In the records below, reproduce exactly the lines from the one containing "Mink Lashes, 20mm" through the one containing "fotos-para-instagram-legendas-e-hashtags", both included, and omit the pictures.

*LISTED RECORDS:*
____

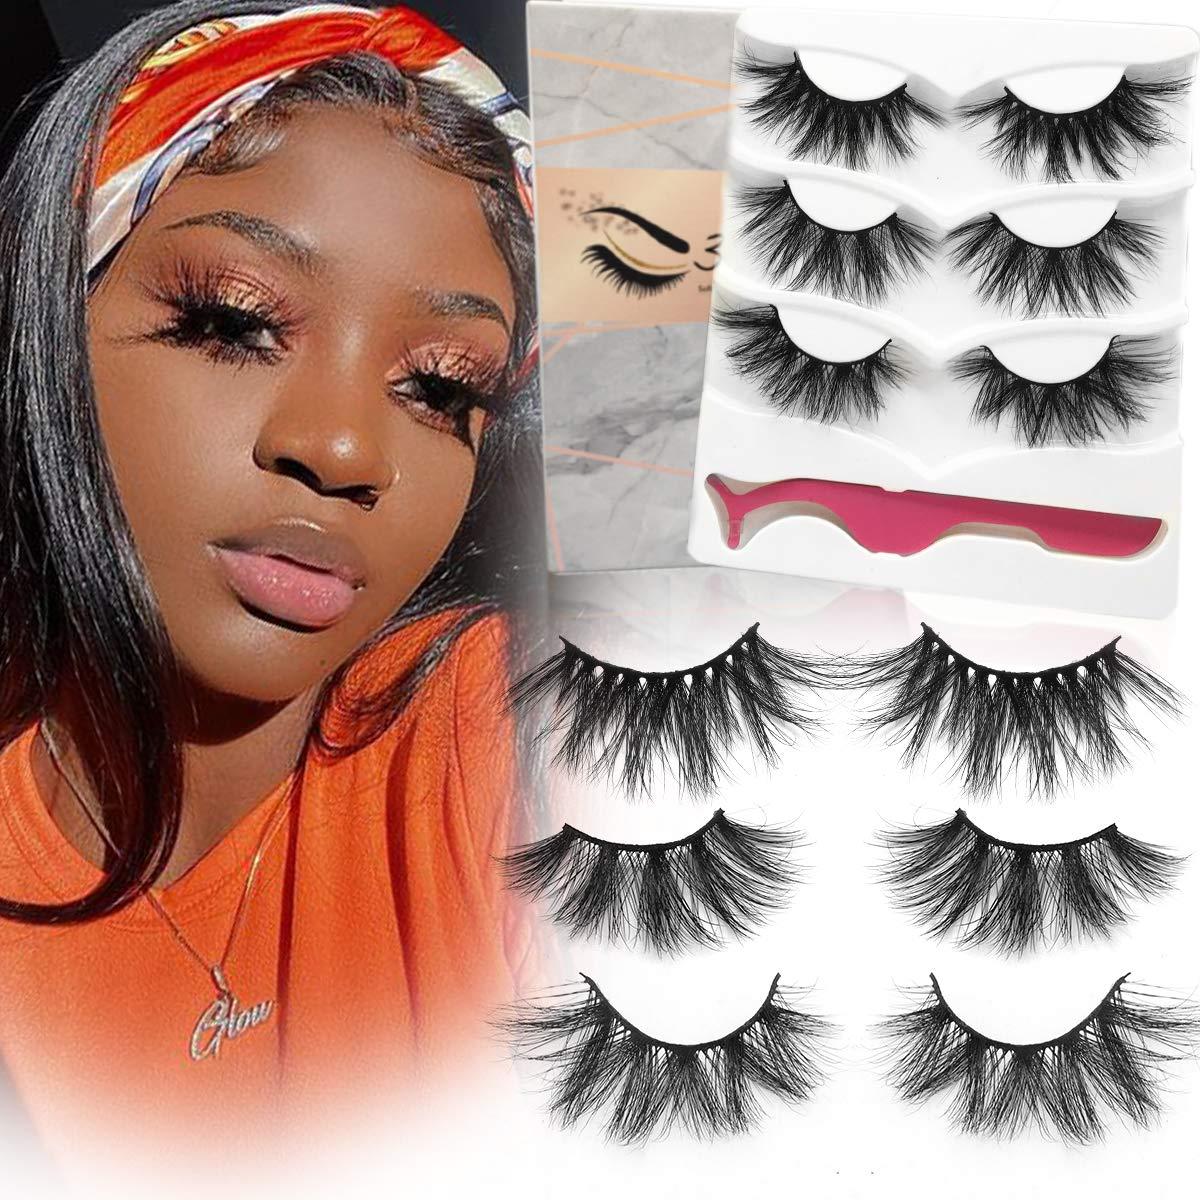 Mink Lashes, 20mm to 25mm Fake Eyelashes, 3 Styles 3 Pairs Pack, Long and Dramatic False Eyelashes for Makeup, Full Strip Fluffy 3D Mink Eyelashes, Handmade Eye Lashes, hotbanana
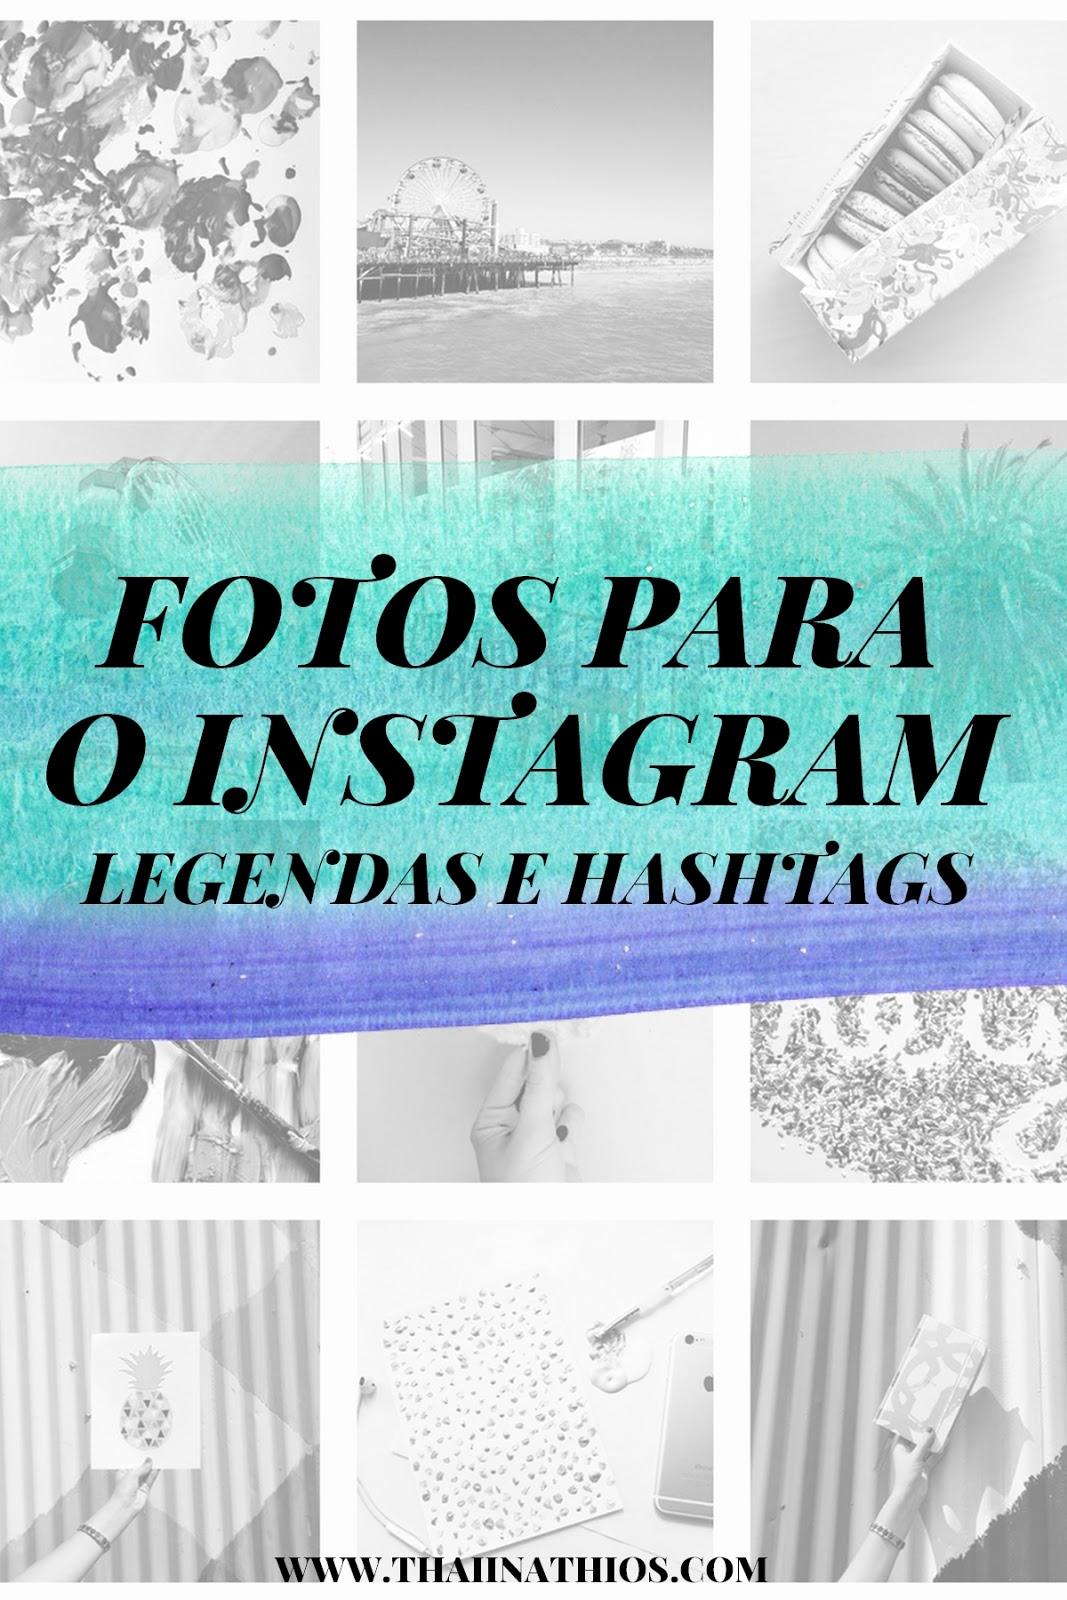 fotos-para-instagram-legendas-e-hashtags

____

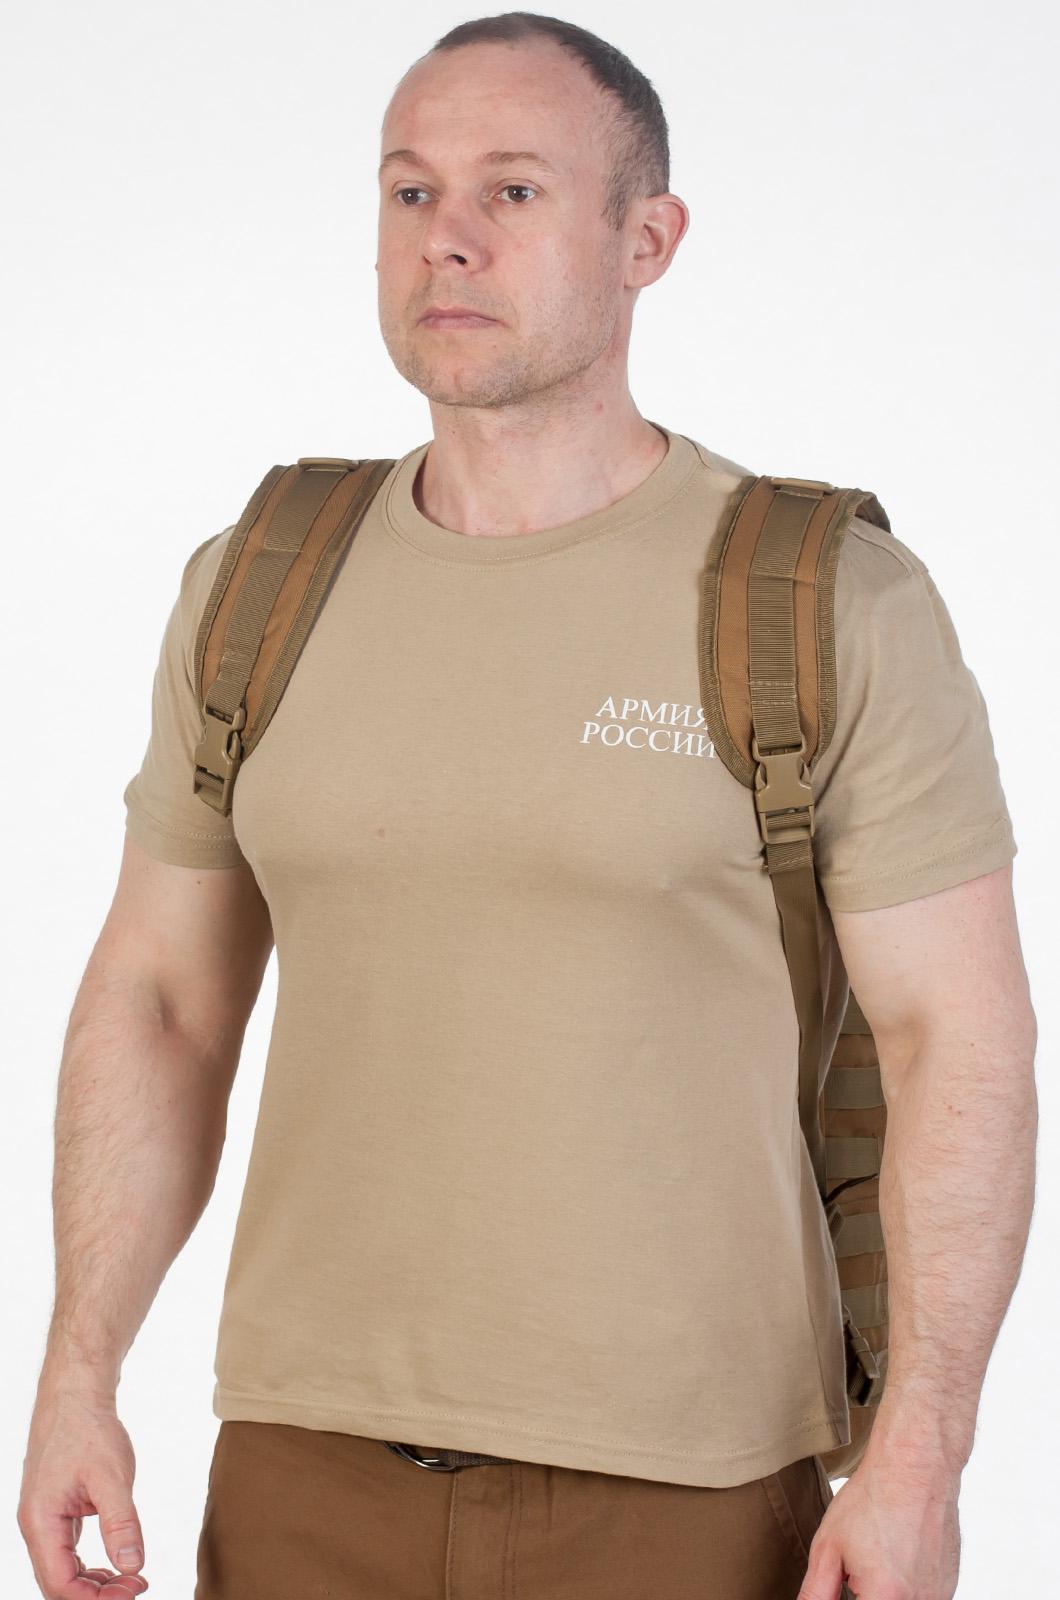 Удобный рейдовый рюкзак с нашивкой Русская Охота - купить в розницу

____

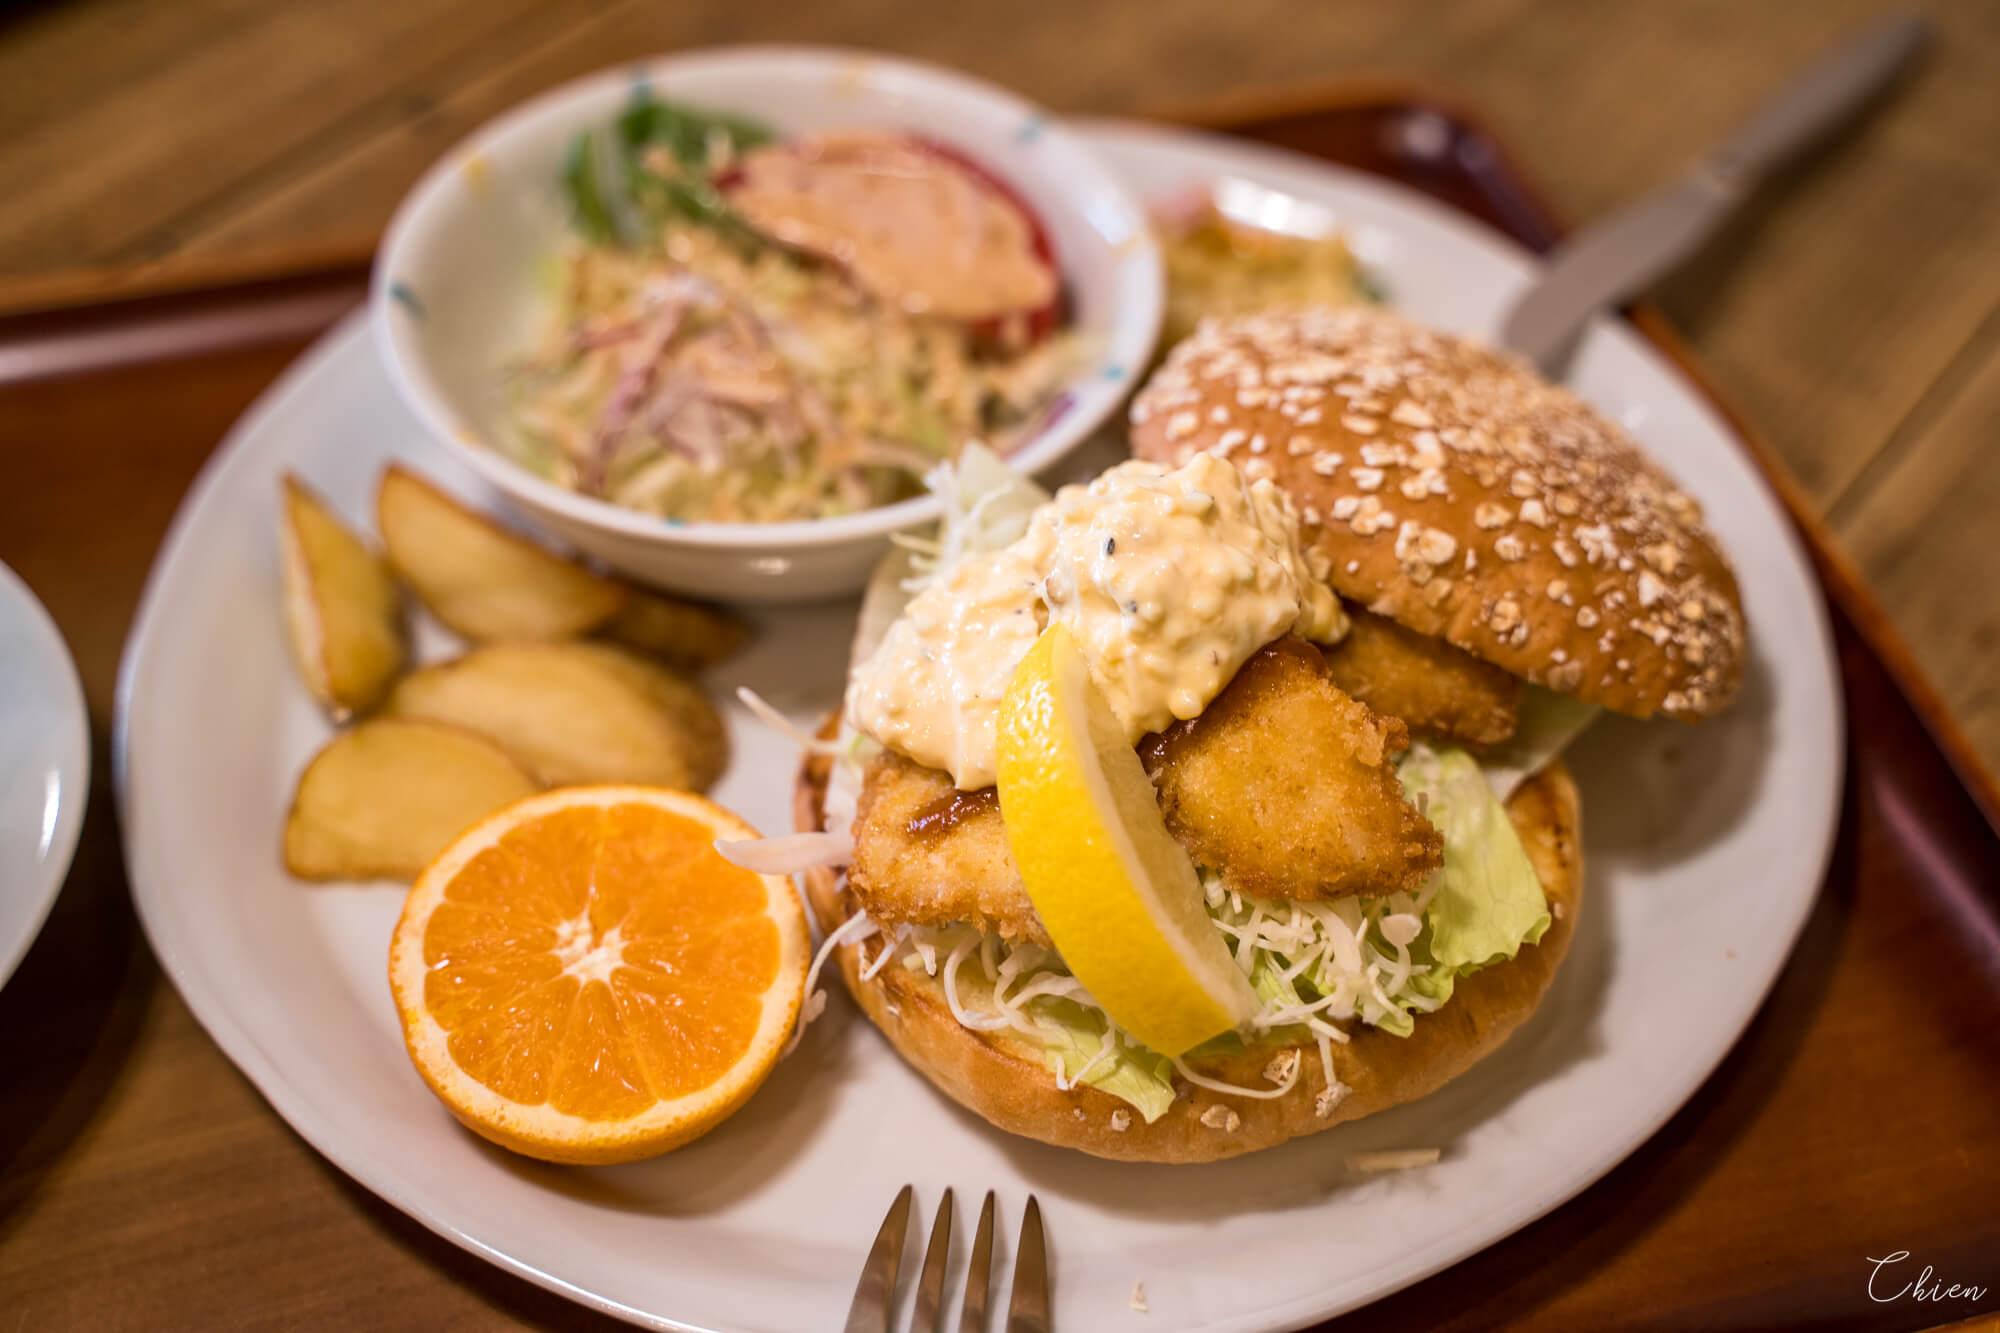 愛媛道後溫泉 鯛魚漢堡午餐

____

*OUTPUT FOR THIS TASK:*
 Mink Lashes, 20mm to 25mm Fake Eyelashes, 3 Styles 3 Pairs Pack, Long and Dramatic False Eyelashes for Makeup, Full Strip Fluffy 3D Mink Eyelashes, Handmade Eye Lashes, hotbanana
 fotos-para-instagram-legendas-e-hashtags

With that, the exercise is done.